I now see a fairly simple call stack like
apply_thread_qos_tag() → sched_setattr(), which seems quite readable to me.

>
> Caveats
> =======
>
> AUTOGROUP and cgroup cpu controller must be disabled for maximum effectiveness.
> We assume a flat hierarchy and per-task description to keep the system under
> control.
>
> If they are enabled, it is hard to distinguish between background and user
> interactive tasks across processes due to imposed fairness at group level.
> Most notably under loaded scenarios with a lot of long running tasks.
>
> It is believed that a flat hierarchy is best approach and using per-task
> tagging combined with simple group control to ensure roles of process and tasks
> are described simply, yet sufficiently, to get the desired behavior with the
> least complexity and maximum portability/flexibility.
>

I don’t see how this is related to your schedqos, since you’re just calling
sched_setattr(). That is fully consistent with the Linux kernel model.

Am I right in assuming that whatever you set via sched_setattr() will always
take effect even in a cgroup-based system?

>
> Next steps
> ==========
>
> The current setup is usable and should provide tangible results for those
> interested. Corner cases where it fails will be visible though under
> comprehensive testing. See schbench+kernel build results below for example.
>
> I won't repeat our LPC discussion, but we need multi modal wake up path and
> coherent decision making between wake up and load balancer. Both items are
> being worked on already.
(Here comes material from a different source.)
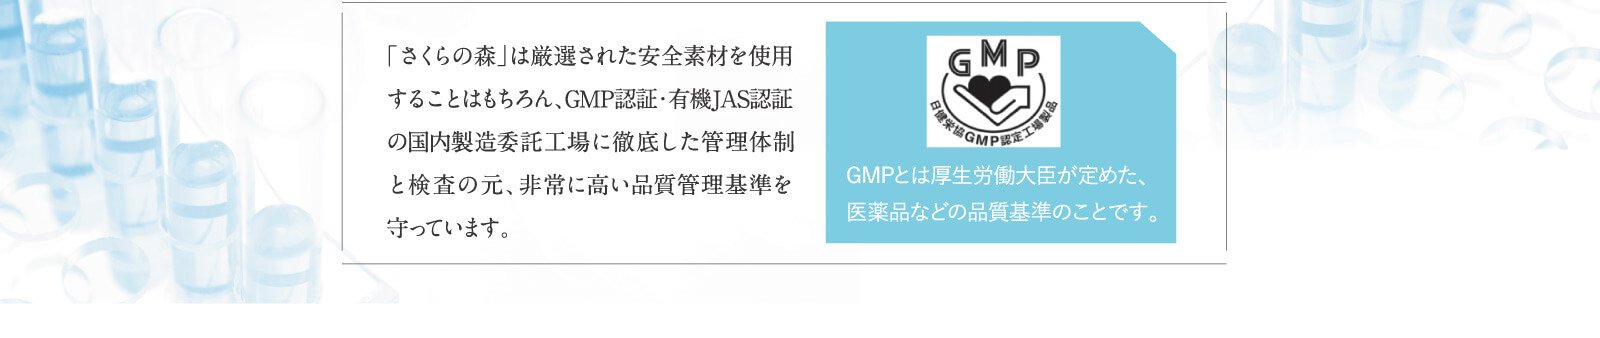 GMPとは厚生労働大臣が定めた、医薬品などの品質基準のことです。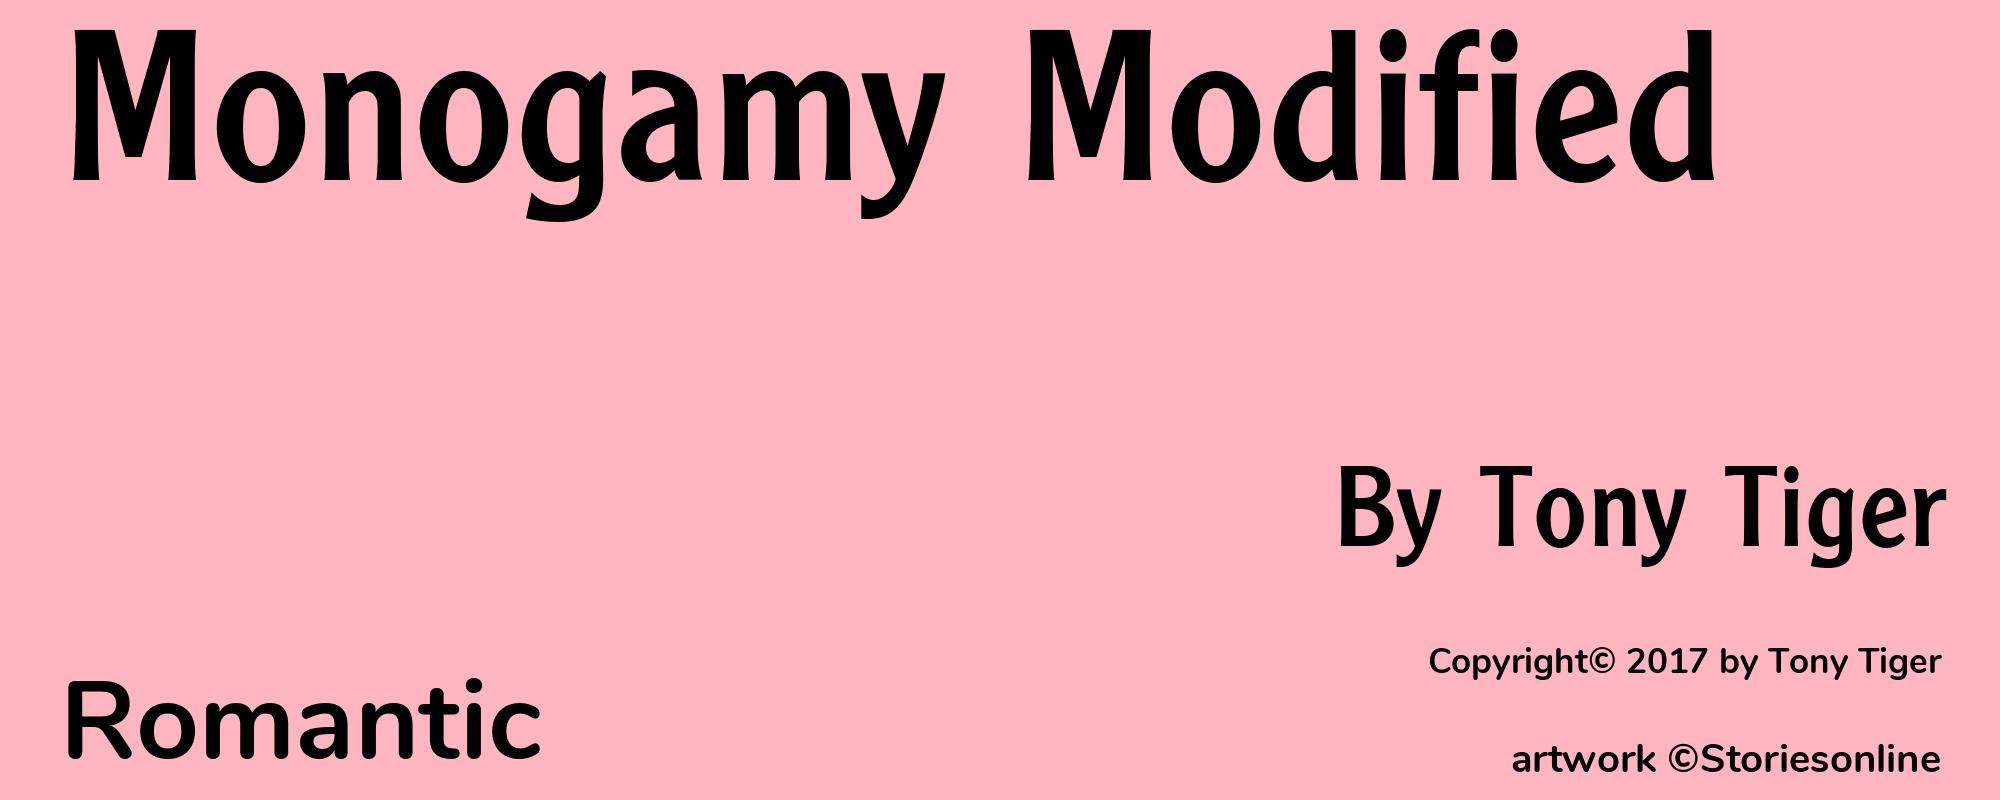 Monogamy Modified - Cover

Push based load balance for fair is on the list [2].
>
> For best perf/watt under schedutil, we need to introduce the concept of rampup
> multiplier to help counter DVFS related latencies. Also this is WIP and there
> were patches in the past [3] that will be rebased and reposted.
>
> Idle states can be a problem for performance and power and scheduler today
> doesn't take them into account at all.
>
> Performance Inversion and Inheritance issues are common in practice and require
> Proxy Execution and teaching libc and languages to move to futex_pi by default.
> In practice folks will see latency/perf issues in their P99 and max at least
> - severity of which will depend on the use case. See discussion on Enable PI by
> default in userspace [4].
>
> We also need to add a new unfair pi lock that doesn't operate on strict order
> which is critical for performance [5]. I have gathered some results privately
> that using futex_pi causes performance regressions.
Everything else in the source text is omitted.